Border Patrol has a history of arresting and prosecuting people for leaving aid supplies in the desert, under charges of “littering” and “vandalism”. This is despite the fact that No More Deaths have constantly shared their protocol of action with the Border Patrol to keep themselves on the right side of the law, and have operated with more or less overt and tacit approval of the Patrol officers.
In 2018 January, the Patrol raided one of the facilities that the organization uses, called “The Barn” in Ajo where the organization conducts their aid operations in the desert. The Patrol agents found two undocumented migrants who were recuperate in the facility after being found in the desert suffering heat stroke and severe dehydration. Warren was arrested and charged for having harbored and transported “illegally” immigrants into the U.S.

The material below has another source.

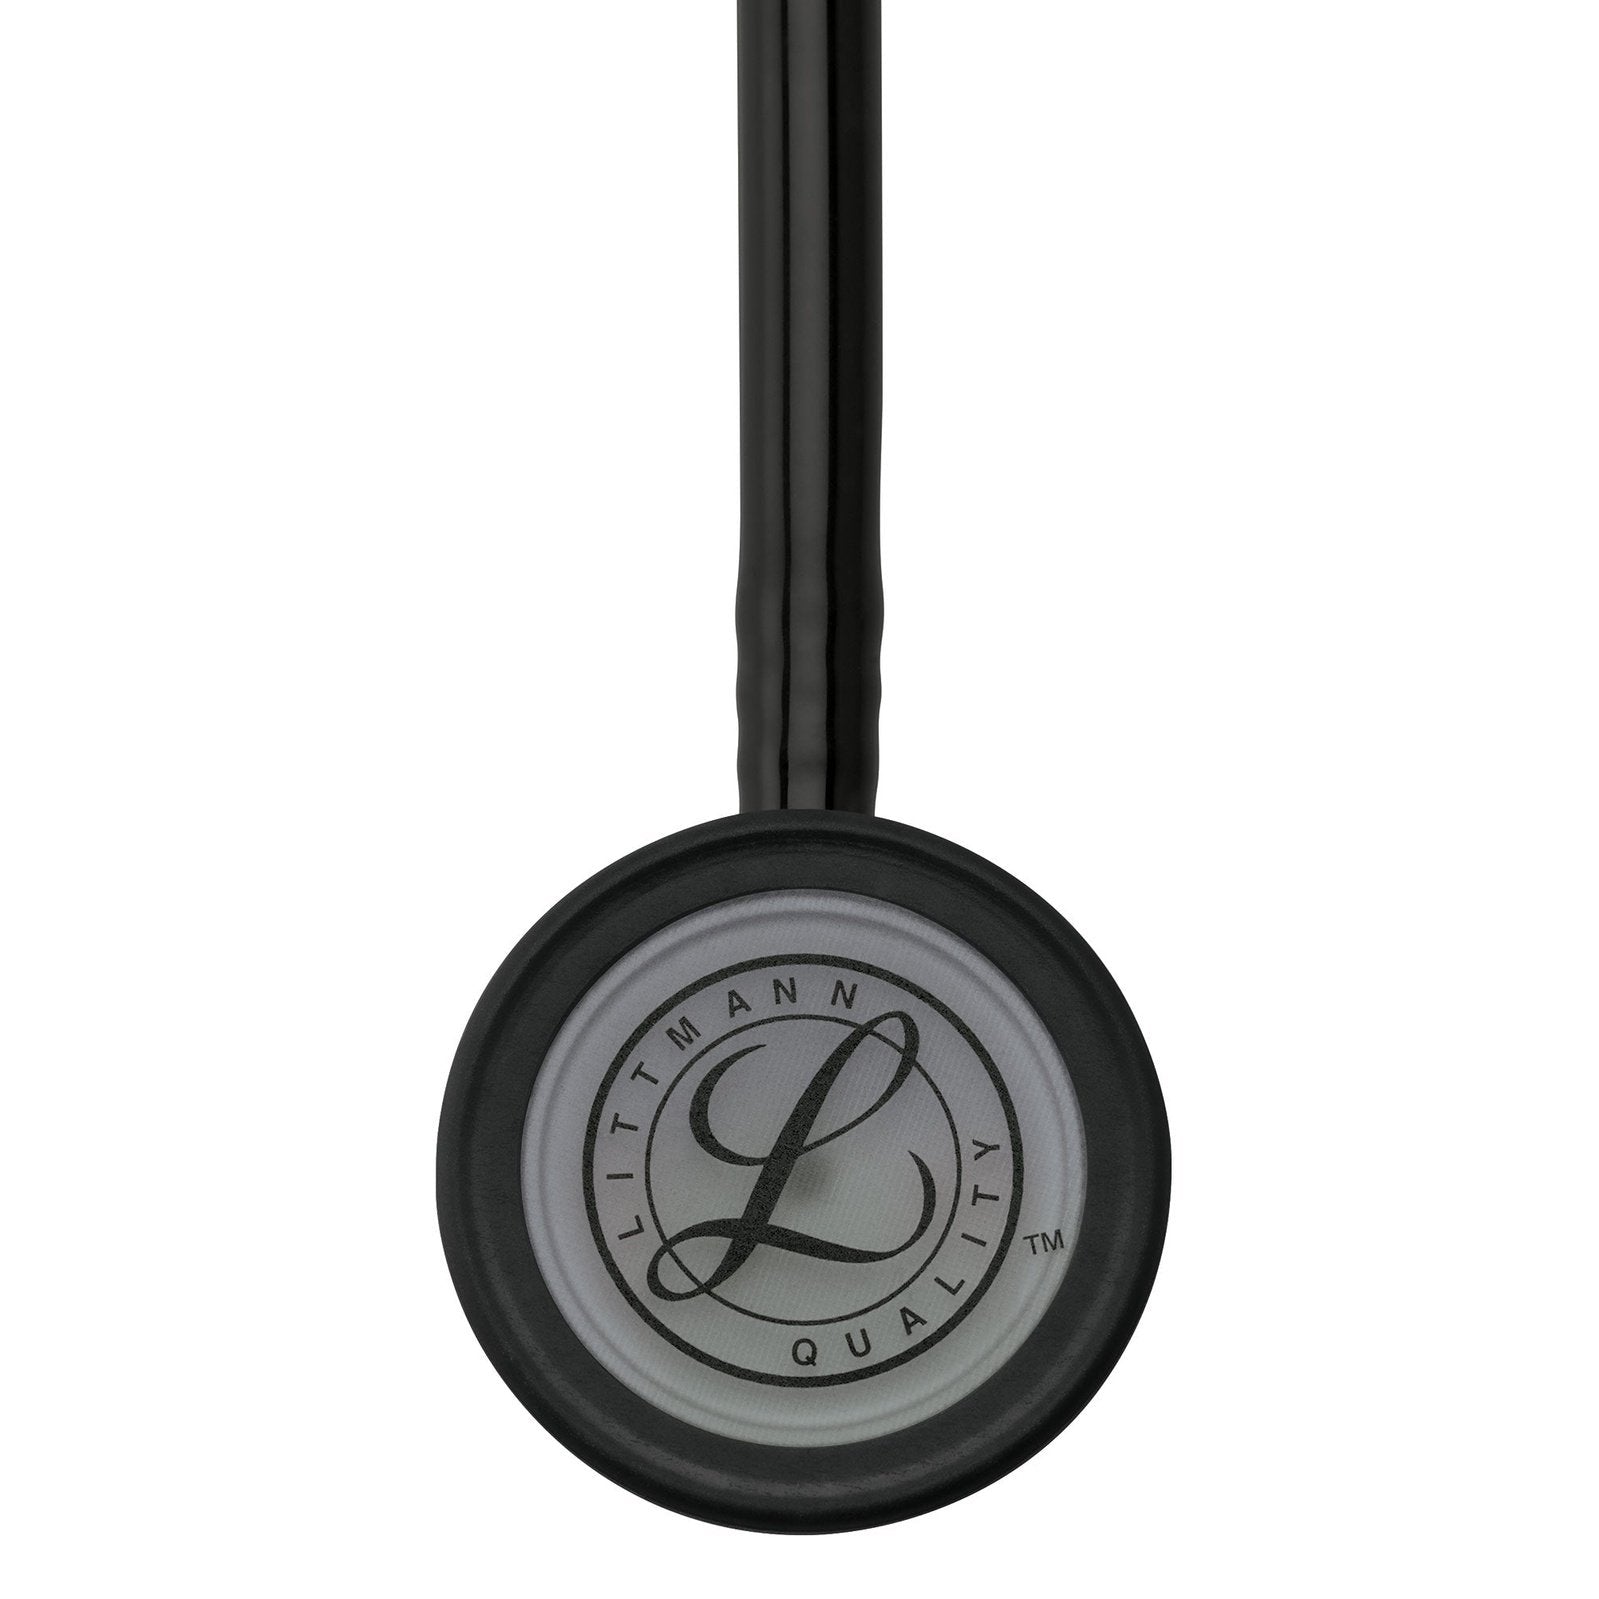 Littmann Classic III Monitoring Stethoscope: Black and Smoke 5811 Stethoscopes 3M Littmann

According to the Liberation News, the raid came within hours of No More Deaths posting a video that showed Patrol agents dumping dozens of litres of drinking water, that they had left out for migrants. This has prompted accusations of the raid and the charges against the Scott Warren as vindictive and politically motivated.
In the trials that began on May 26, at the U.S. District Courthouse in Tucson, dozens had assembled outside the court in support of Warren. His argument in the case has asserted that there has been no attempt on the part of him or the organization to transport or harbor any immigrants, contrary to what has been accused by the Patrol agents. His attorney Greg Kuykendall reportedly told the jurors, “Scott Warren never committed anything but basic human kindness.”
The assistant U.S. attorney, Nate Walters, who represents the prosecution has disputed that the case is about No More Deaths or humanitarian aid, but about Warren’s intention of transporting people illegally and “to shield illegal aliens from law enforcement for several days.”
Nevertheless, the question of what constitutes humanitarianism, at a time when the government has actively created conditions at the border whereby any attempt at crossing it is now near-fatal, has been raised. The defense has also raised questions of whether aid workers should simply stop at leaving supplies in the desert or can take in and care for those that have been fatally weakened by the arduous journey.
Supporters of Warren believe that the federal prosecution against humanitarian aid is to have nationwide implications for aid workers everywhere. Talking to CNN Warren’s father Mark Warren said, “I do think they’re making an example of him… He’s the means by which they mean to send a message.” “It’s a difficult, frightening, profound moment for humanitarian workers,” said Peg Bowden, an aid worker with the Green Valley/Sahuarita Samaritans, among Warren’s supporters to be present in the trial, told CNN.